Quando chegamos para morar em São Bento, Heber tinha dois anos completos e eu 9 meses. Lá nasceram os outros quatro filhos: Sonia, em maio de 1953, Sílvio em outrubro de 1954, Sandra em janeiro de 1956, falecida em setembro de 1974 e Sanclair em junho de 1957, como vêem um família de bom tamanho. Em São Bento crescemos em “tamanho e sabedoria “, local ideal para criar os filhos, livres de todos os medos, não tinha ladrão, assaltante, estuprador e seqüestrador, era um verdadeiro Shangri-lá. Tínhamos, casa boa para morar, água encanada, luz elétrica, de motor, depois de Paulo Afonso, a inauguração da luz elétrica gerada pela Usina de Paulo Afonso, foi um grande acontecimento, o diretor da escola, os senhores de engenho da região e demais autoridades ligaram a chave dando início aquela maravilha. Apiário, Aviário, horta e açougue, nos proporcionavam, verduras, ovos, mel, carne, tudo de boa qualidade e preços acessíveis.

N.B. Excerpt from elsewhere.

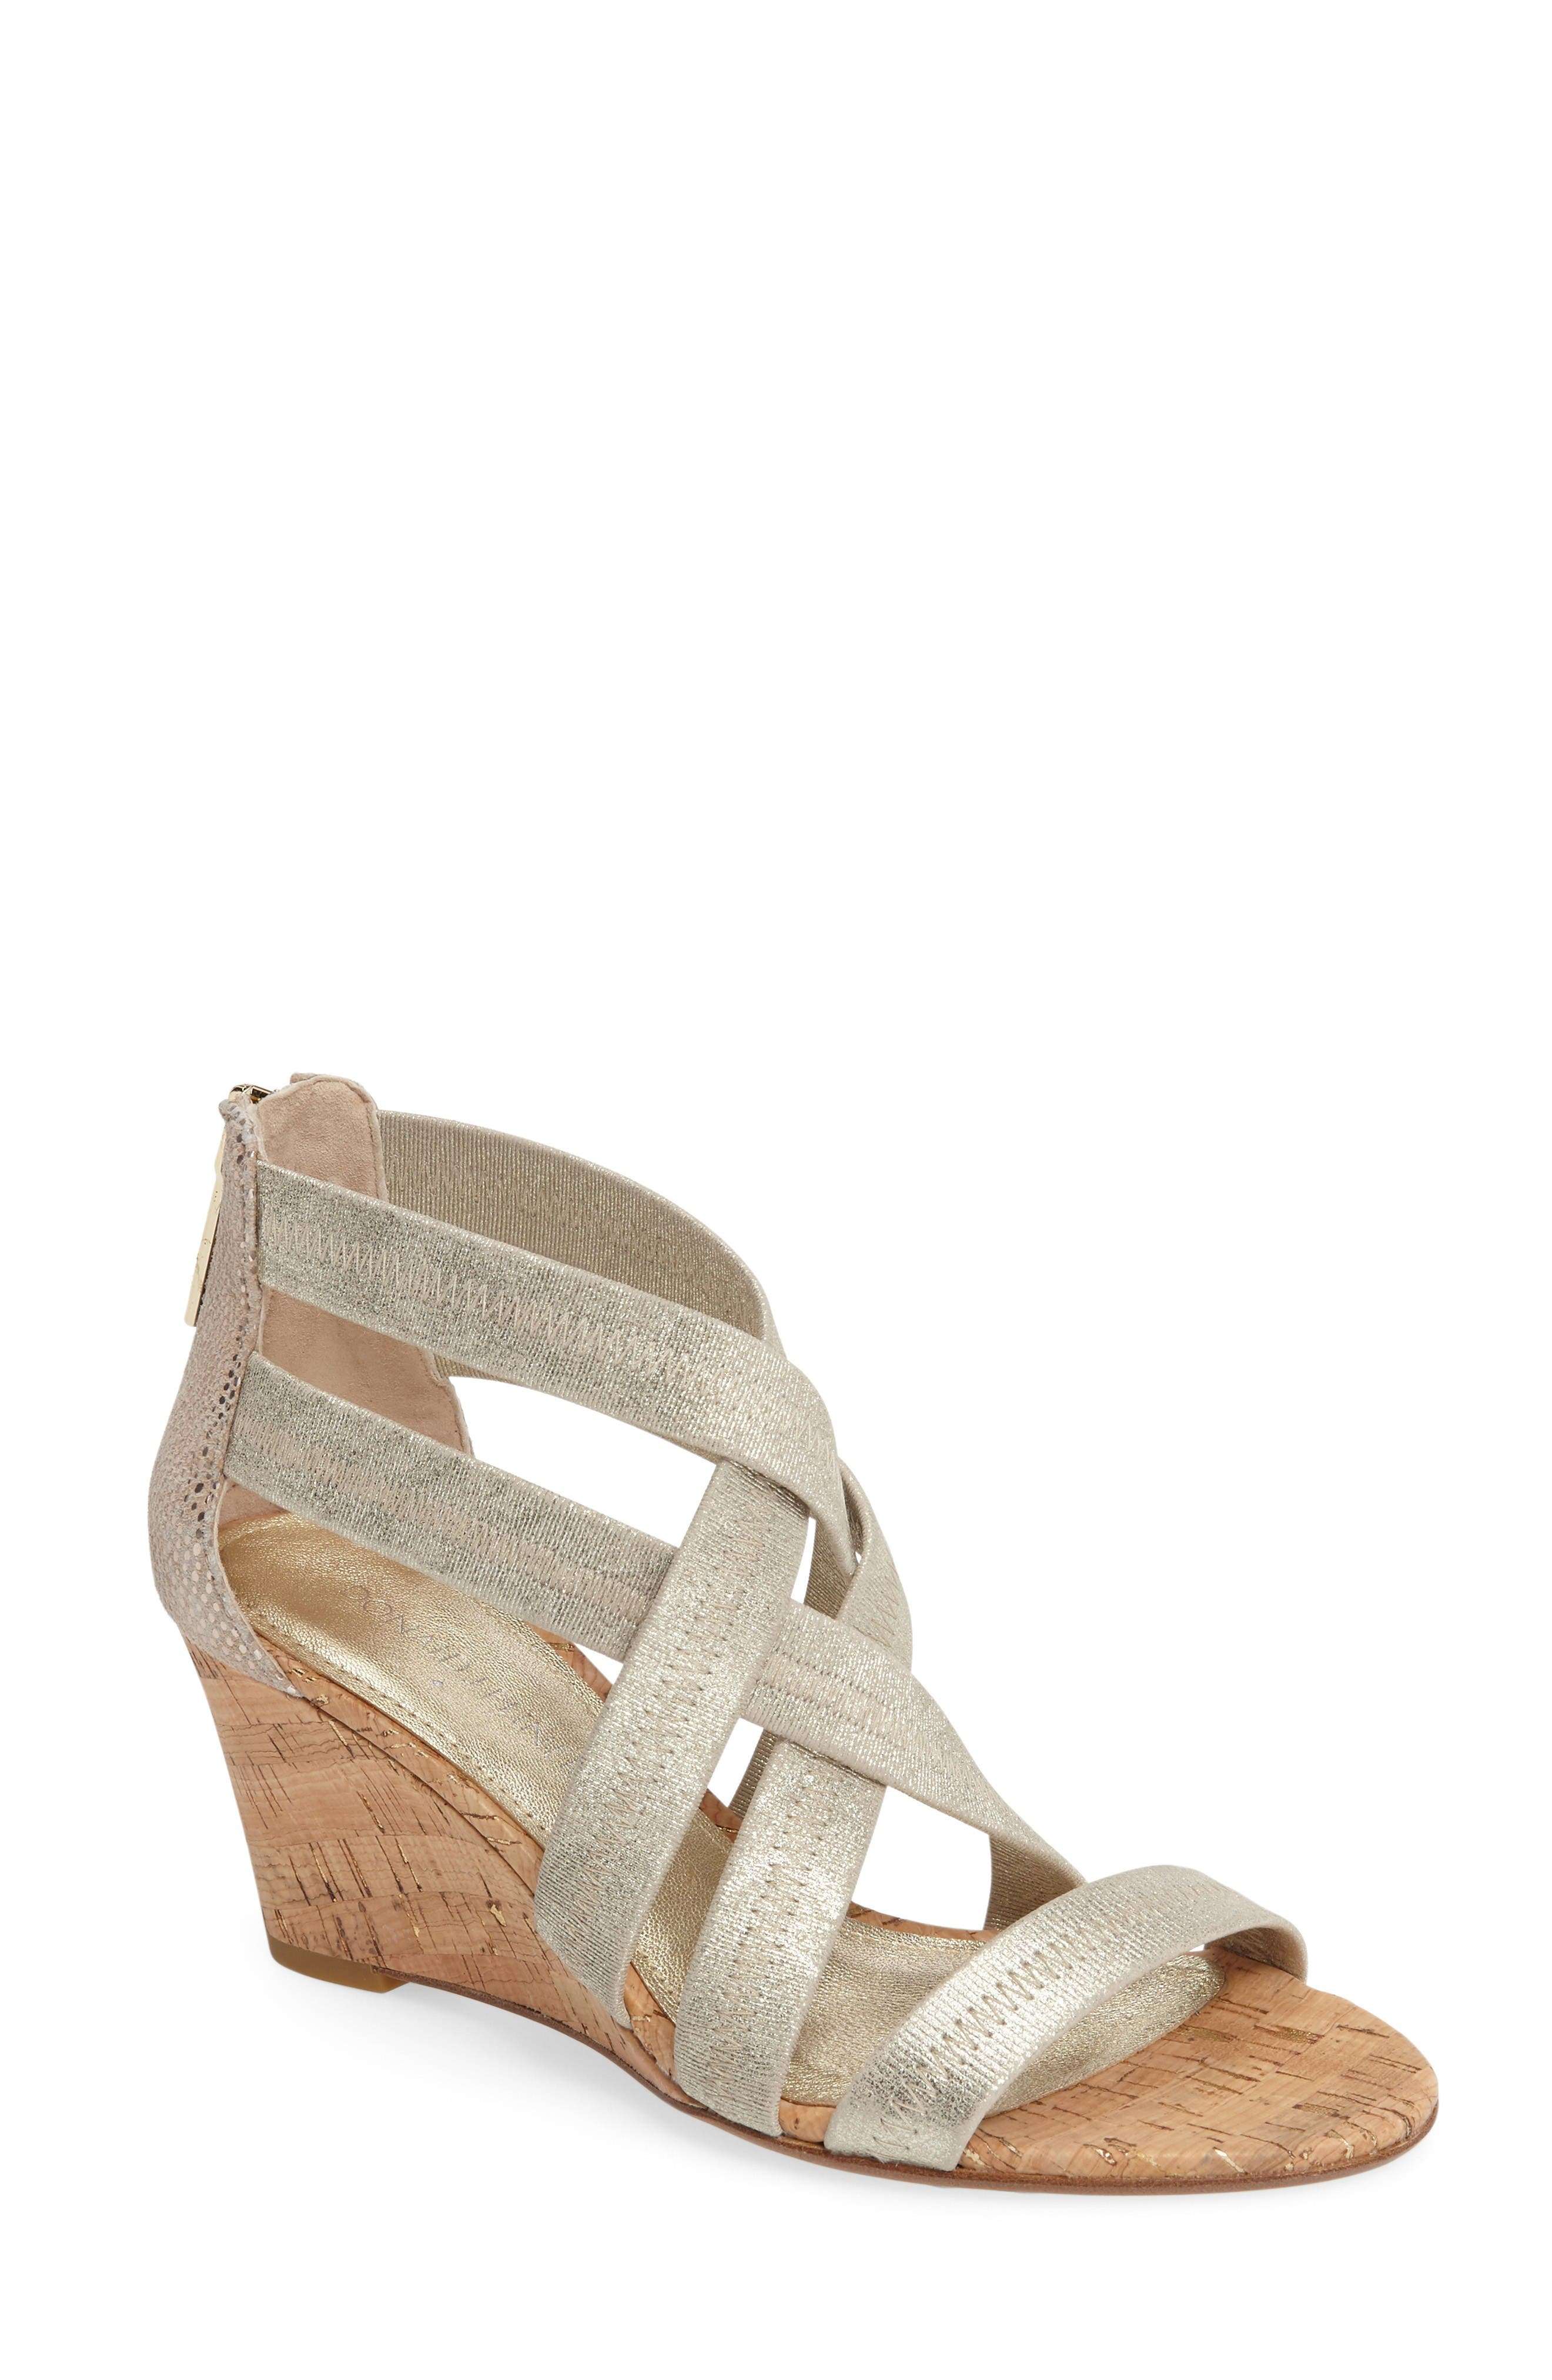 Donald J Pliner Jemi Wedge Sandal,                         Main,                         color, Platino Leather

Mas o que tínhamos de melhor era o ensino, a educação, tanto a escola primária, de muito boa qualidade, bem como o ginásio e curso técnico agrícola, que não podia fugir a regra, eram excelentes.
Todo aluno do colégio que tocasse qualquer instrumento musical ou cantasse este tinha acesso livre lá em casa. Tínhamos serenatas, grandes encontros musicais. Nossos amigos e parentes sempre iam nos visitar levavam pessoas que tocavam, então os saraus eram frequentes. A nossa casa era uma constante festa, cheia de música e alegria. Tempo bom!!!